The Tutor

by

Vasilis Afxentiou

 

It was either children or starve. The place is Athens, the time an autumn Friday, my stratagem short, like the attention span of youngsters. They change ruthlessly quick. But memory is indelible with me. It toys cruelly with things, perhaps, best slighted.

Daphne McTass is the case here, and the pranks these same children play on her, and which I take a very dim view to.

"I'll have no part of it," she said, with that voice of hers, this morning about ten, to my proposed practical experiment. Daphne is a sin -- voice and all. Curly raven hair ripples to her narrow shoulders and spills over a deep forehead, around cyan-blue, sightless, Egyptian-almond eyes.

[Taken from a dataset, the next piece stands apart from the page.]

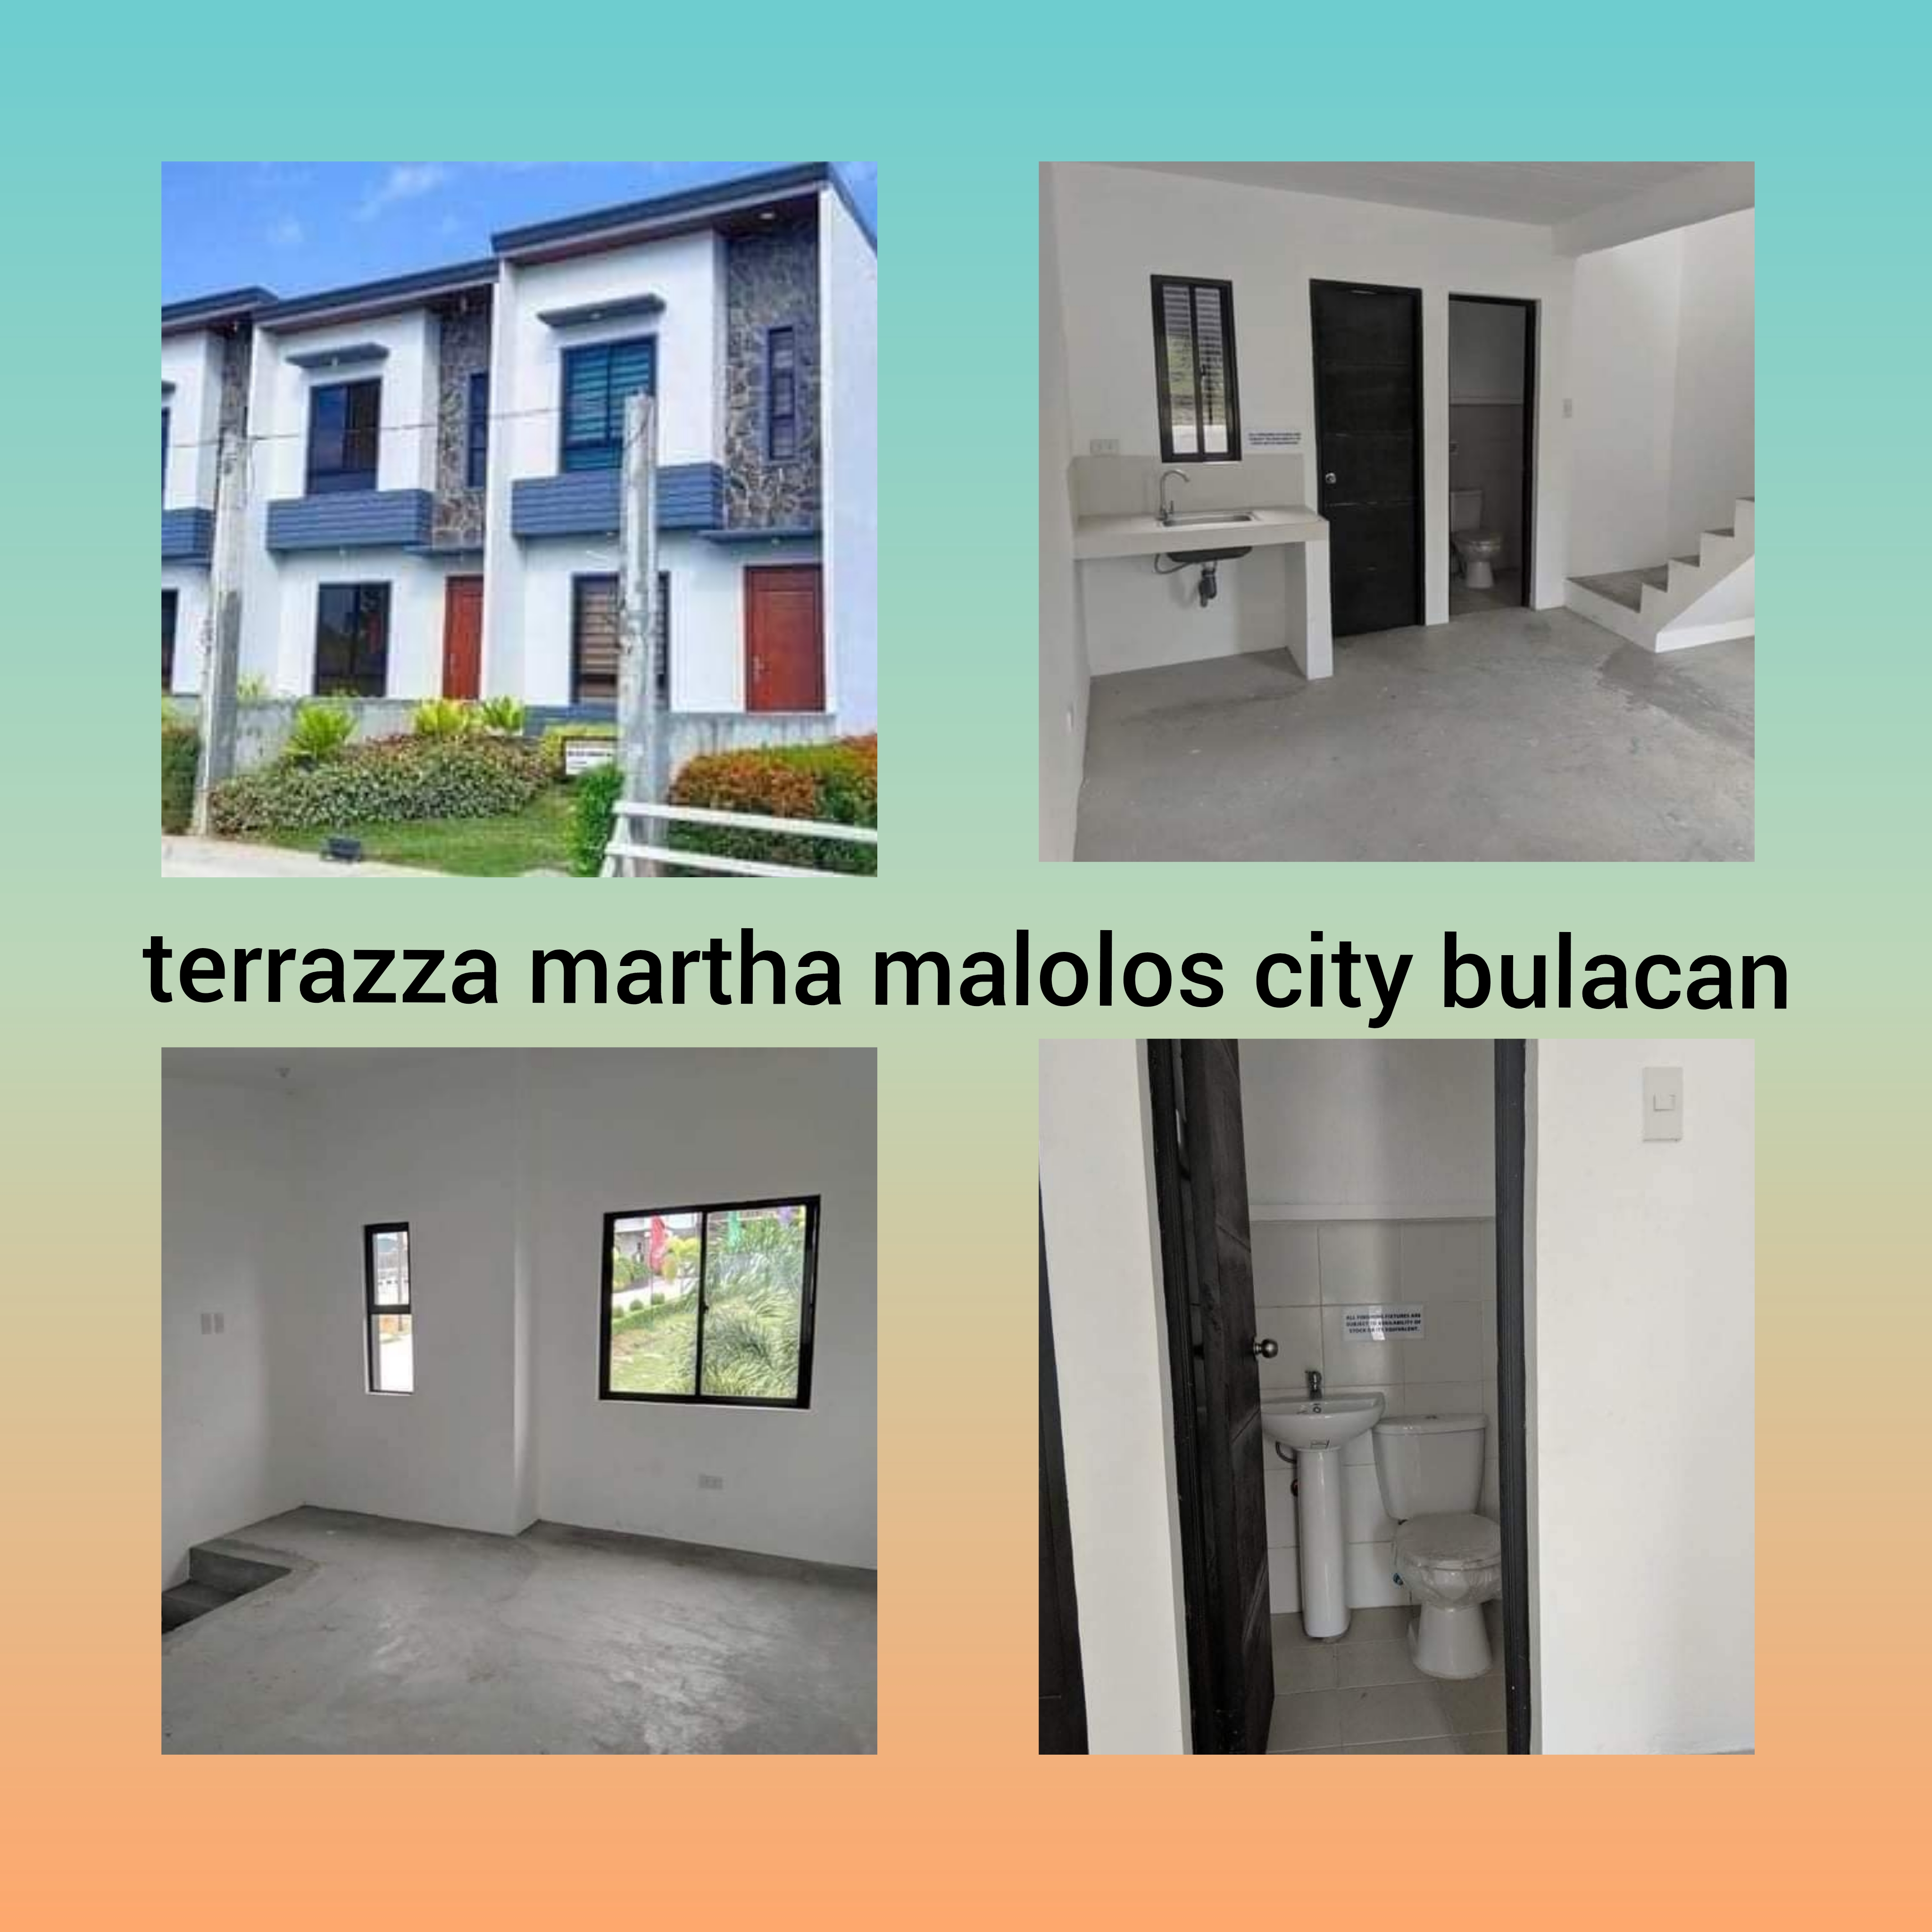 Thru pagibig financing only in Bulacan

"Terrible thing to do. They're a wily generation granted. Kids with compounded problems. But then, you don't know what it's like." Daphne shifted in her chair uneasy. The teacher's lounge was deserted, but for the slight, old and rickety cleaning woman dusting off the old shelves filled with antiquated English-learning texts and audiovisual apparatus we use.

"But you," I said, "could teach them. One day forfeited, to see for the rest of their lives."

"It'll be like tying their hands behind their backs, and educating them to use feet and toes in their place. What's the sense..."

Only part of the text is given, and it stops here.